╭─ Exercise data

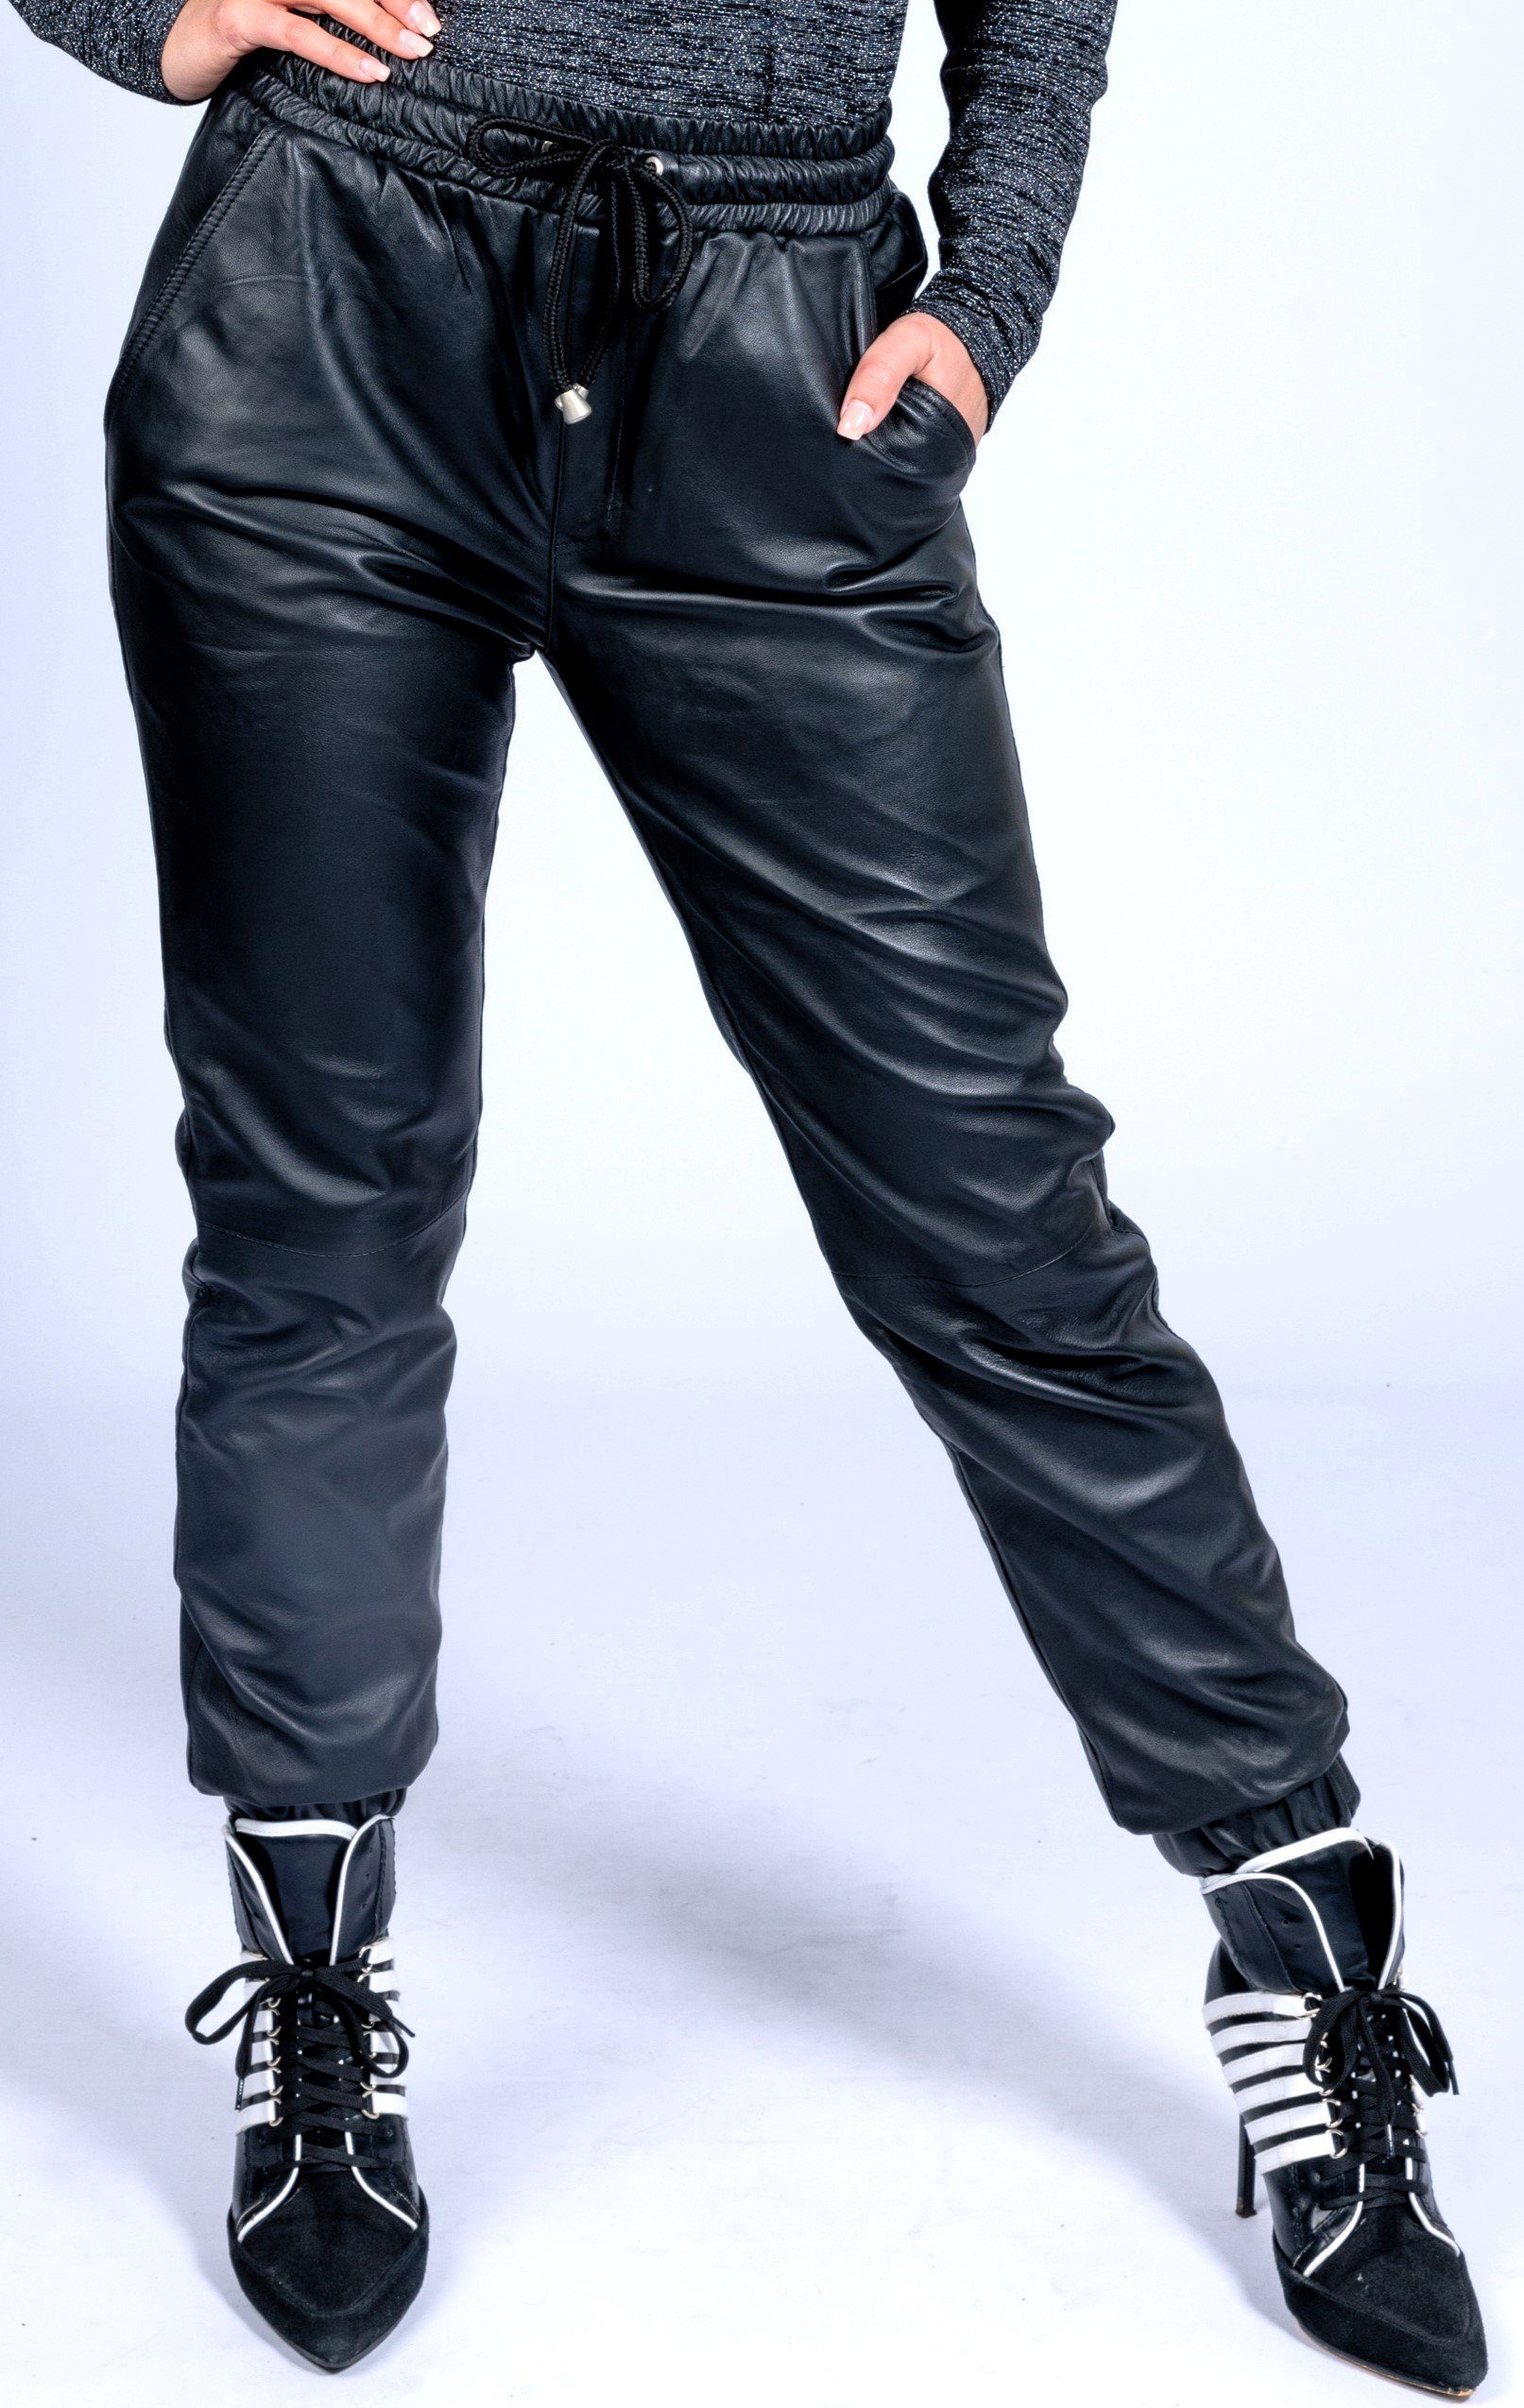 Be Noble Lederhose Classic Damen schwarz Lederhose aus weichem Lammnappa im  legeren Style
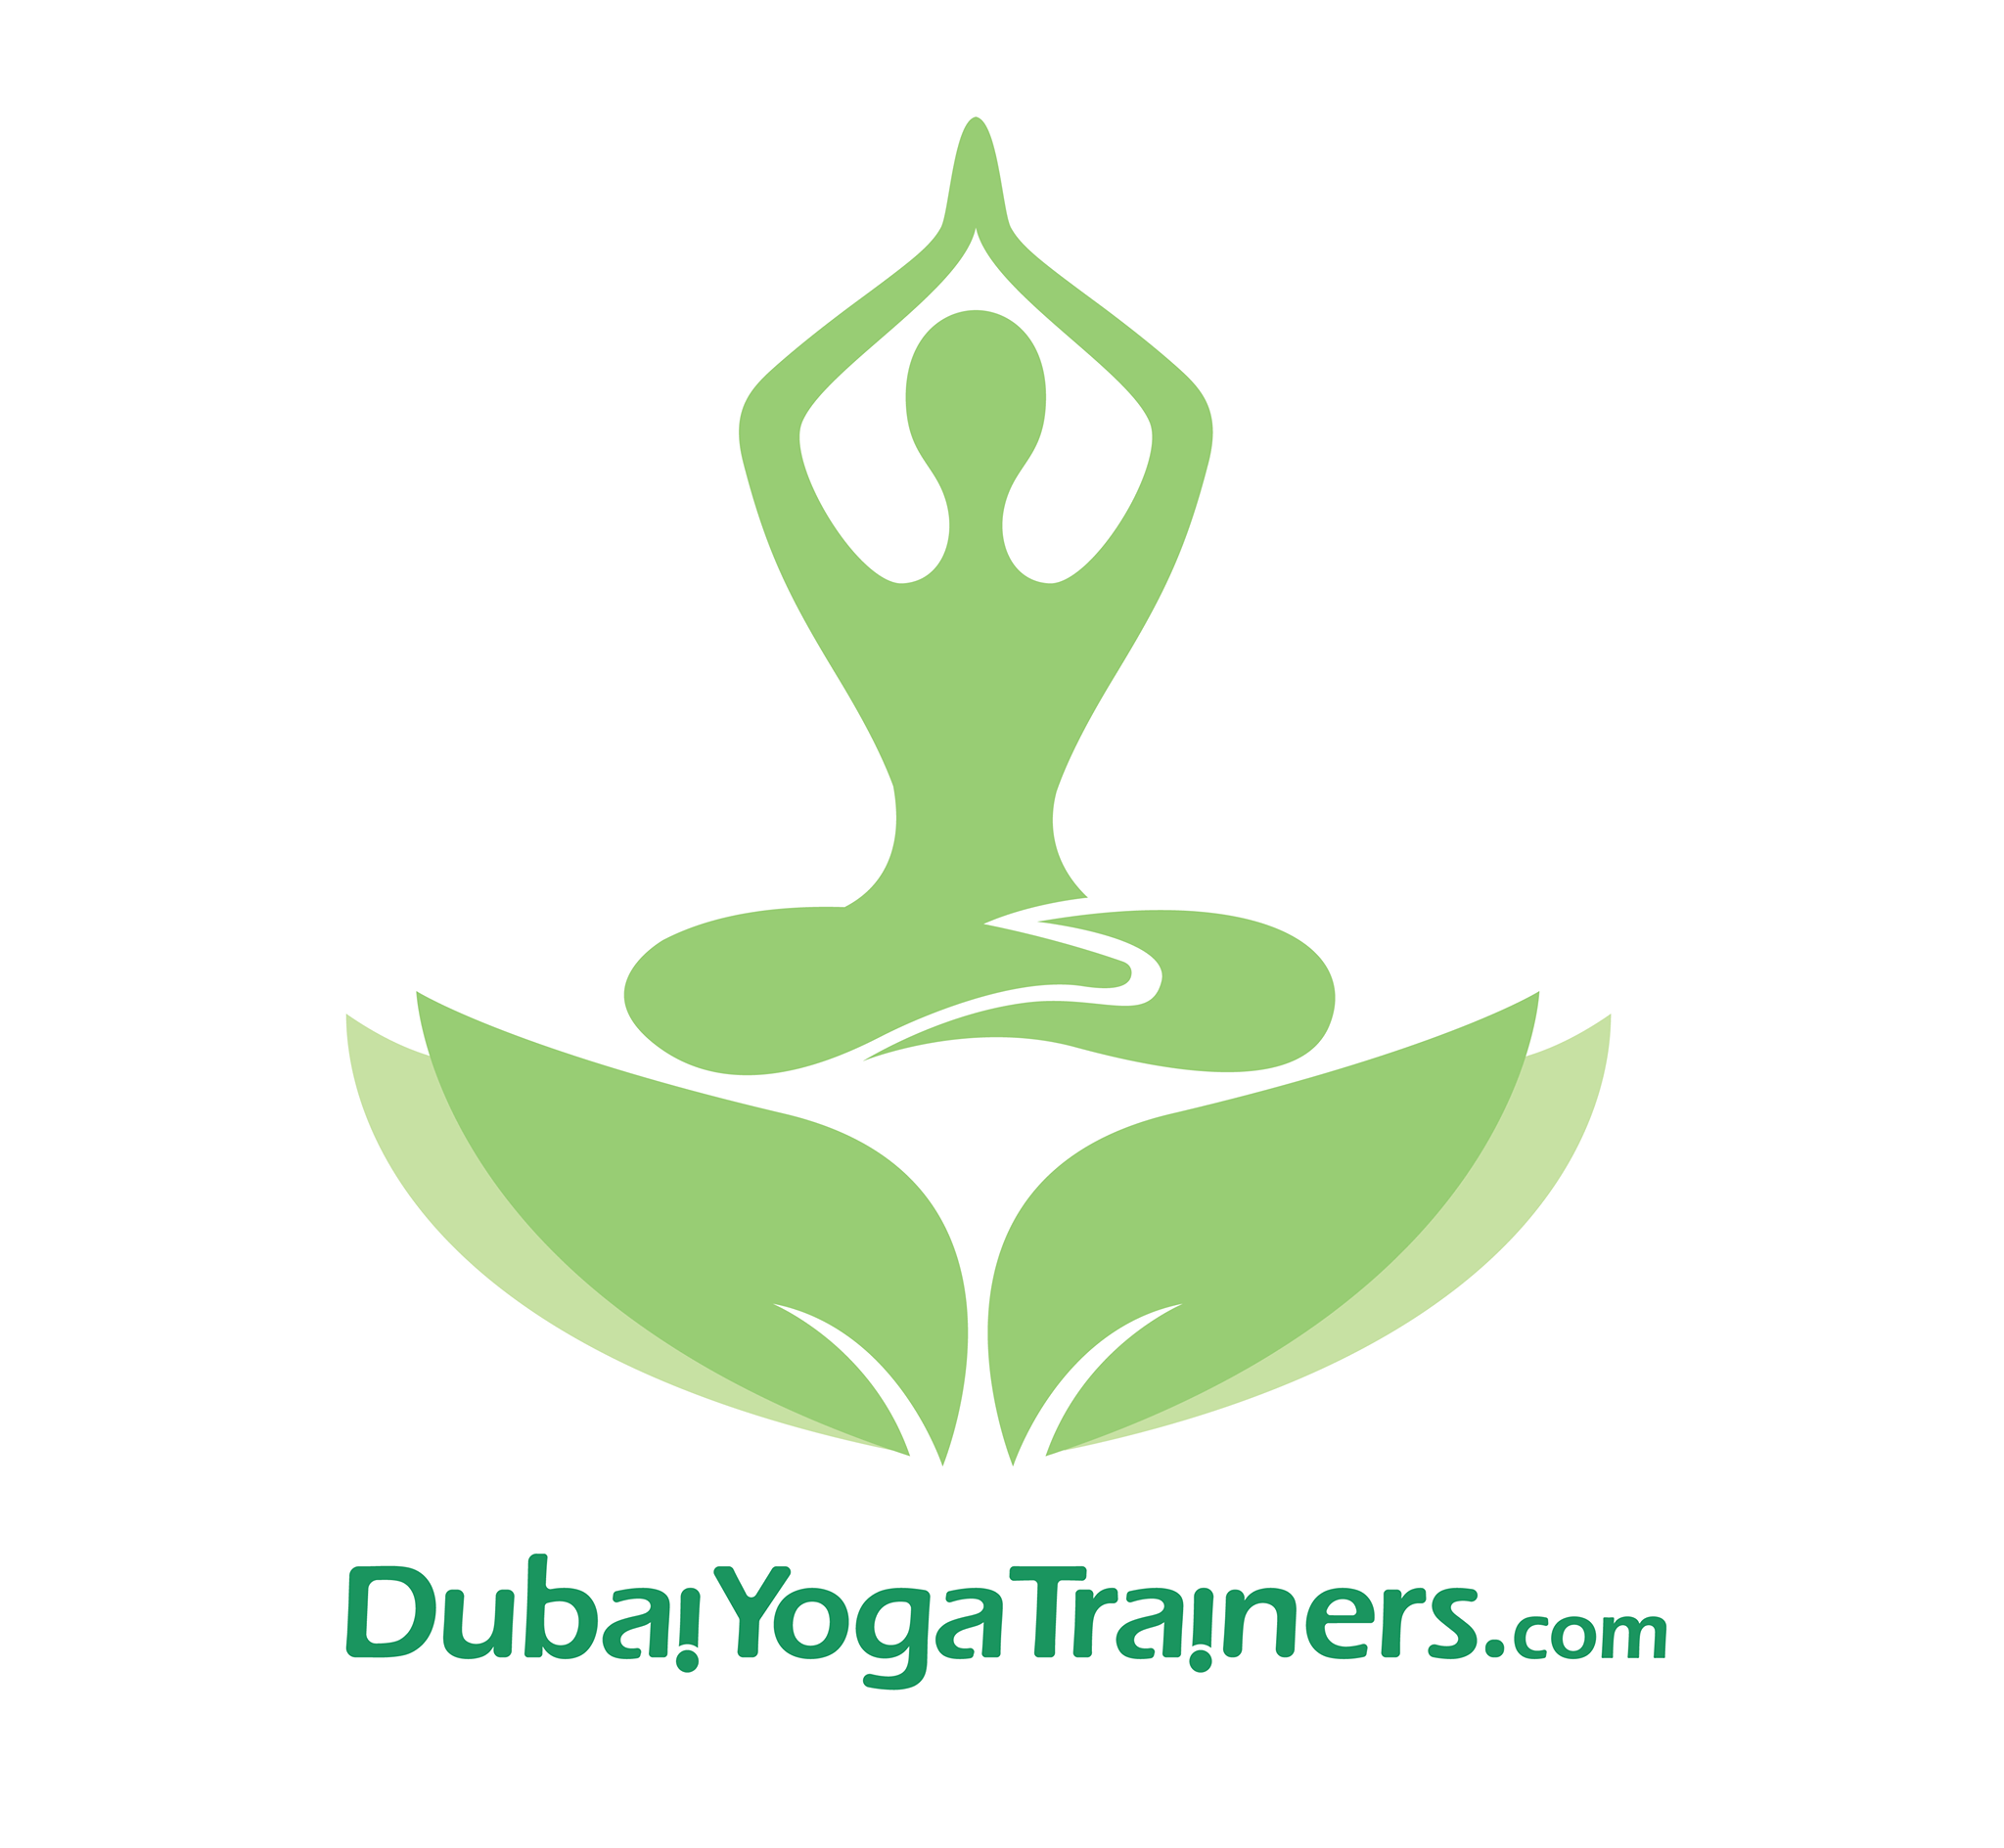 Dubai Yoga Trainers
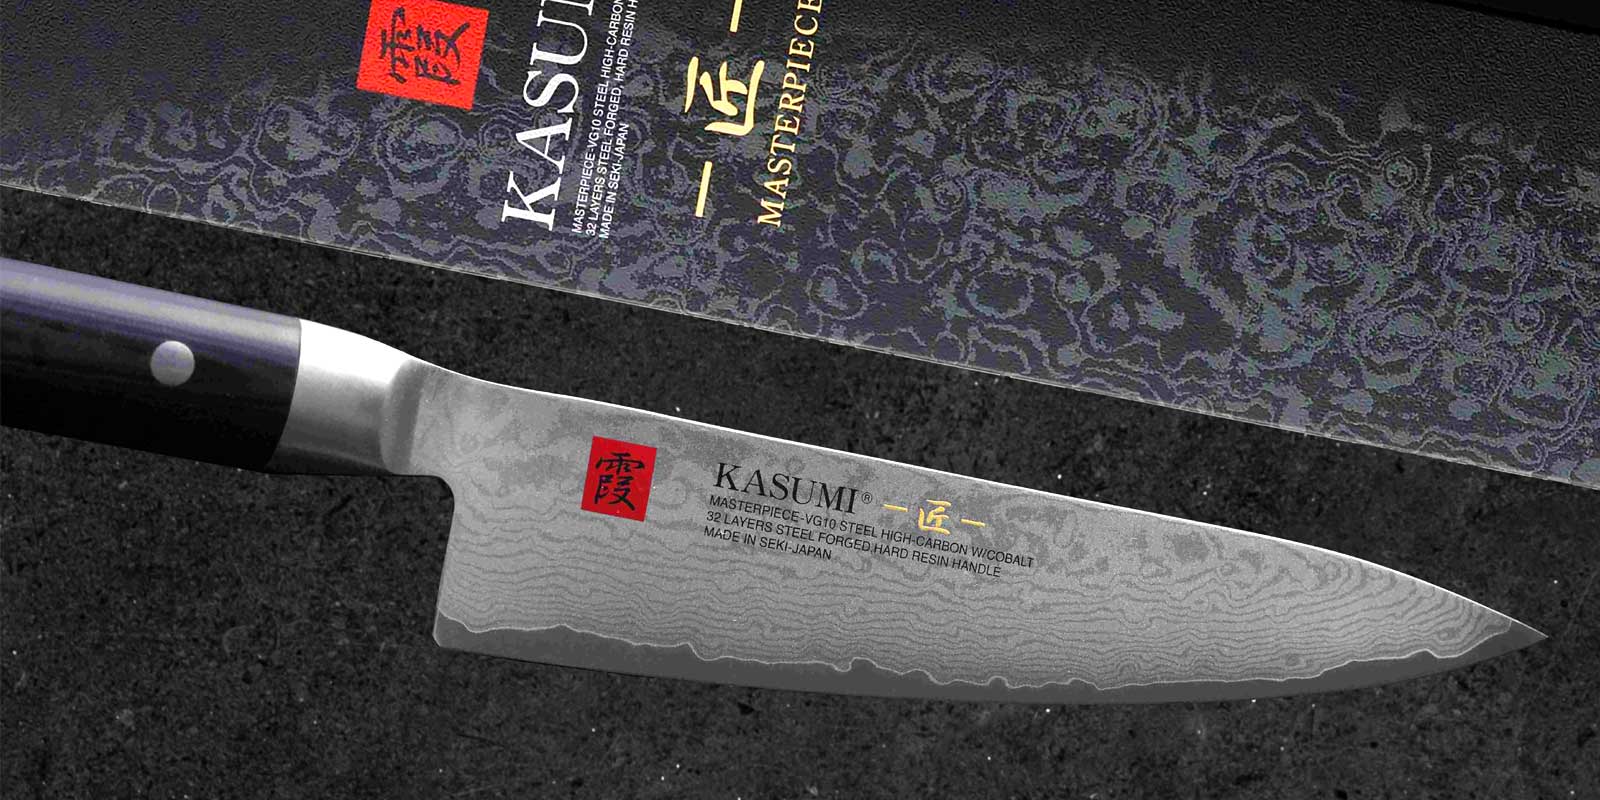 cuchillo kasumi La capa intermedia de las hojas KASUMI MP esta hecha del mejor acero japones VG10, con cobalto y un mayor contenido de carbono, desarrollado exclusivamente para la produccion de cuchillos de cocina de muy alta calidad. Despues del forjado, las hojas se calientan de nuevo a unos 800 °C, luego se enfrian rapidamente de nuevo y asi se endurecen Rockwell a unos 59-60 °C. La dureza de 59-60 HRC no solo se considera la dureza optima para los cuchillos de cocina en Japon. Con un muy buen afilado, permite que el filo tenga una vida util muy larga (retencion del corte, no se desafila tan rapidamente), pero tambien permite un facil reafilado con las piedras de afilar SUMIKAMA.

╰─

The problem:
Extract word for word every line from the line that contains "Dubai Yoga Trainers" to the final line of the data, both included, and nothing else; skip the pictures.

Worked solution:
 Dubai Yoga Trainers
 cuchillo kasumi La capa intermedia de las hojas KASUMI MP esta hecha del mejor acero japones VG10, con cobalto y un mayor contenido de carbono, desarrollado exclusivamente para la produccion de cuchillos de cocina de muy alta calidad. Despues del forjado, las hojas se calientan de nuevo a unos 800 °C, luego se enfrian rapidamente de nuevo y asi se endurecen Rockwell a unos 59-60 °C. La dureza de 59-60 HRC no solo se considera la dureza optima para los cuchillos de cocina en Japon. Con un muy buen afilado, permite que el filo tenga una vida util muy larga (retencion del corte, no se desafila tan rapidamente), pero tambien permite un facil reafilado con las piedras de afilar SUMIKAMA.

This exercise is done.